- [Exercise details] Repeat exactly, and only, the lines from the line bearing "Cubo / Cubo" through the end of the material. Do not copy the pictures.

- [Data]
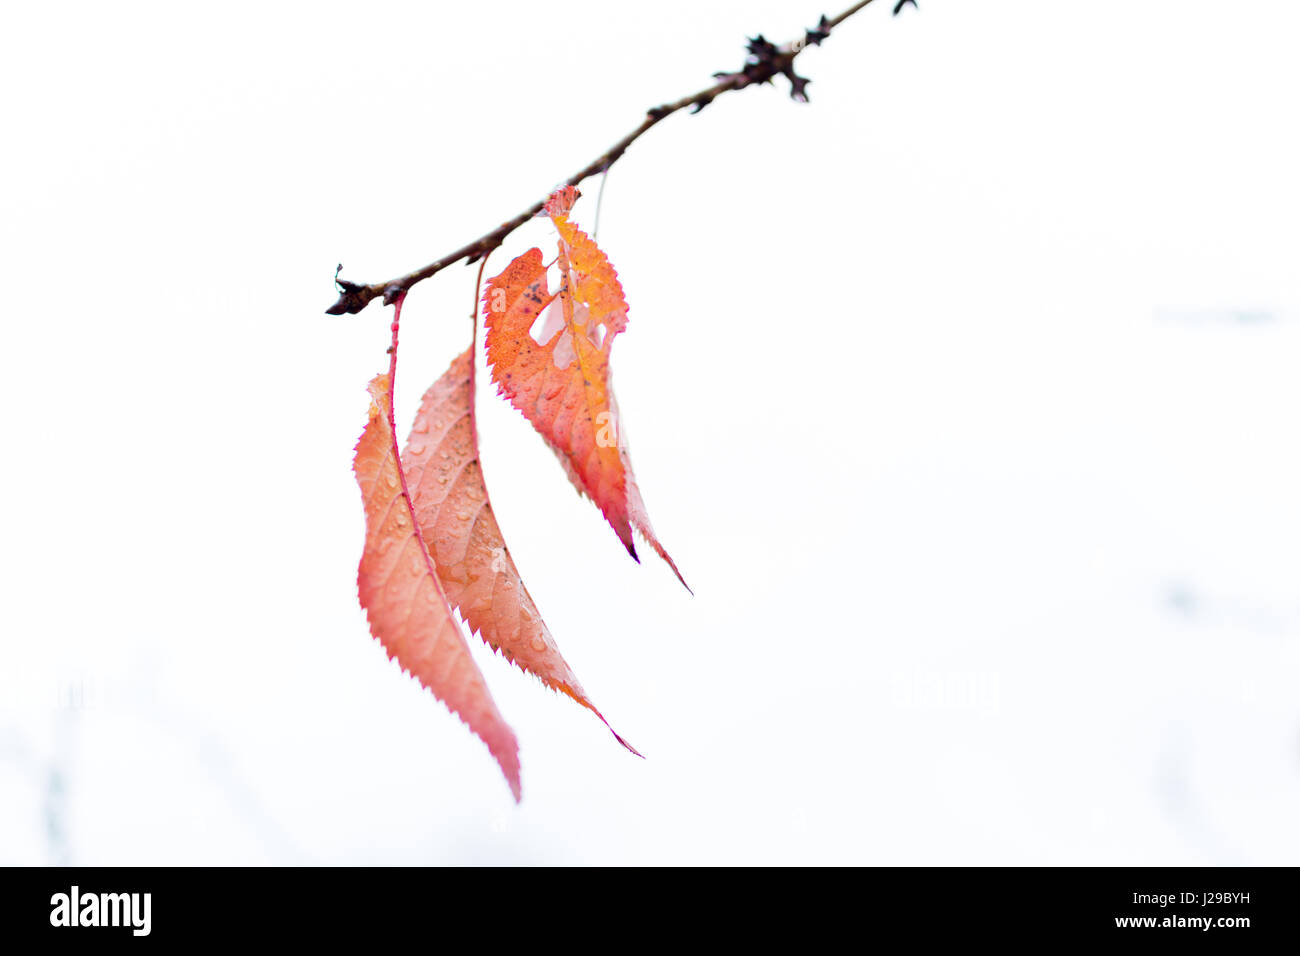 Autumn leaves remaining on cherry brunch 4 Stock Photo
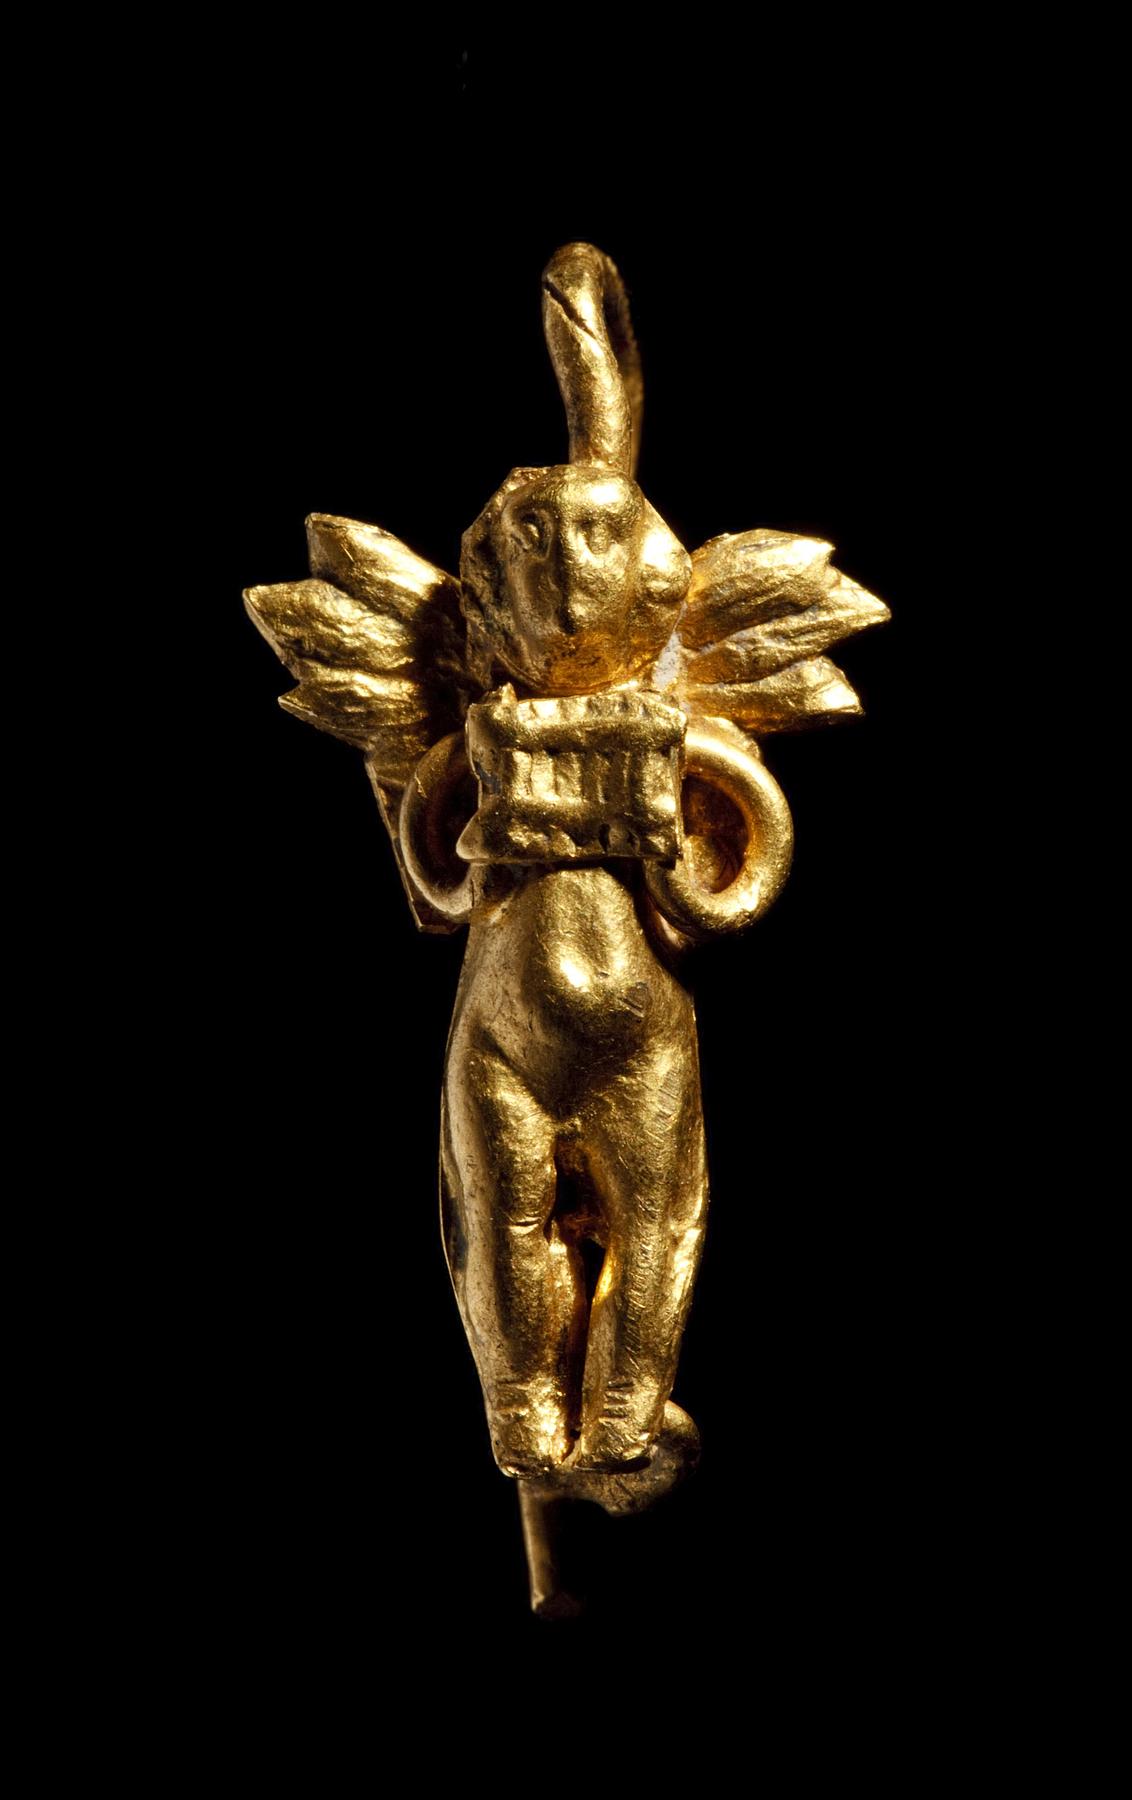 Ear ring in the shape of Cupid, H1832
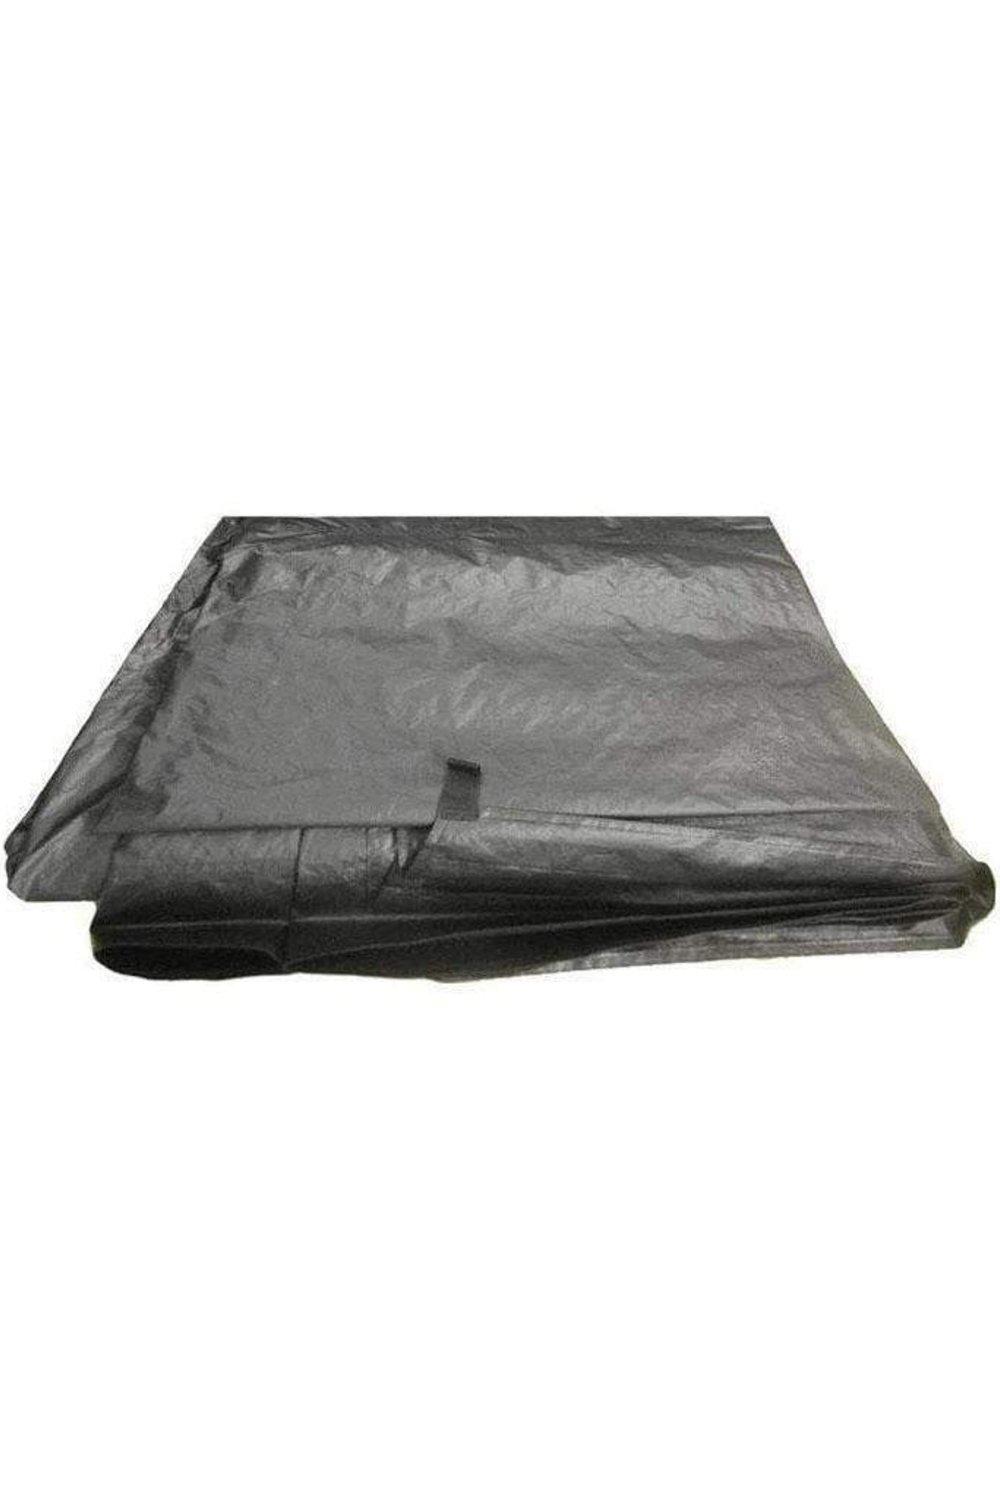 Cubo / Cubo Breeze - Footprint Groundsheet (with Pegs)
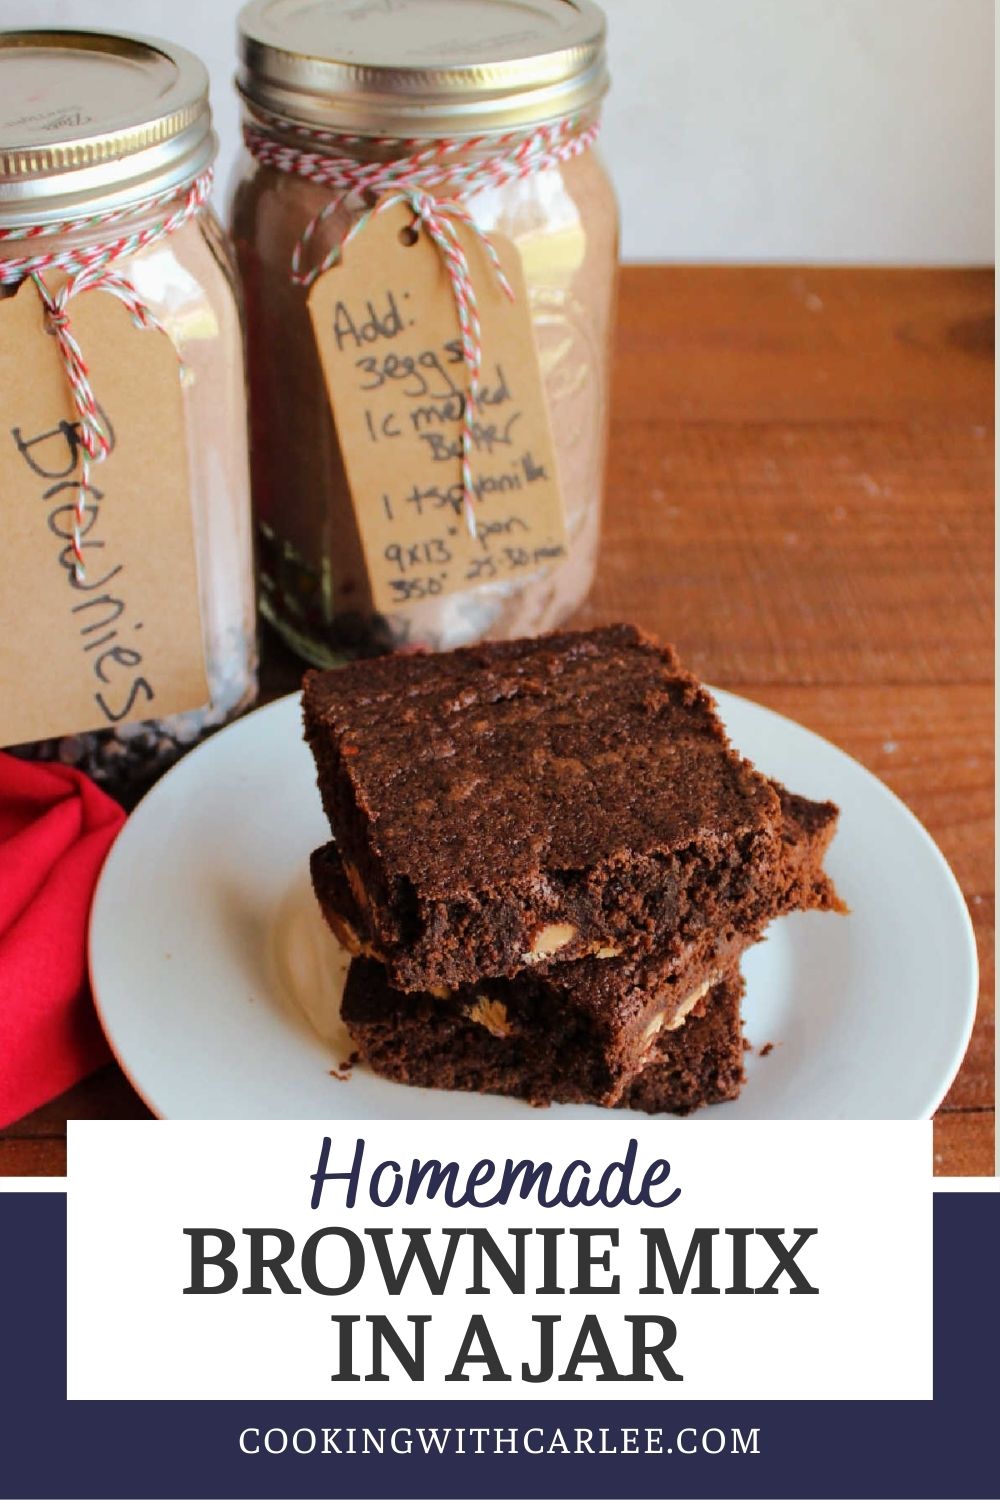 Make your own brownie mix so you can have rich fudgy homemade brownies at a moment's notice. Store the mix in glass jars or plastic bags and keep them for yourself or give them as simple gifts.

- [Solution for this problem]
 Cubo / Cubo Breeze - Footprint Groundsheet (with Pegs)
 Make your own brownie mix so you can have rich fudgy homemade brownies at a moment's notice. Store the mix in glass jars or plastic bags and keep them for yourself or give them as simple gifts.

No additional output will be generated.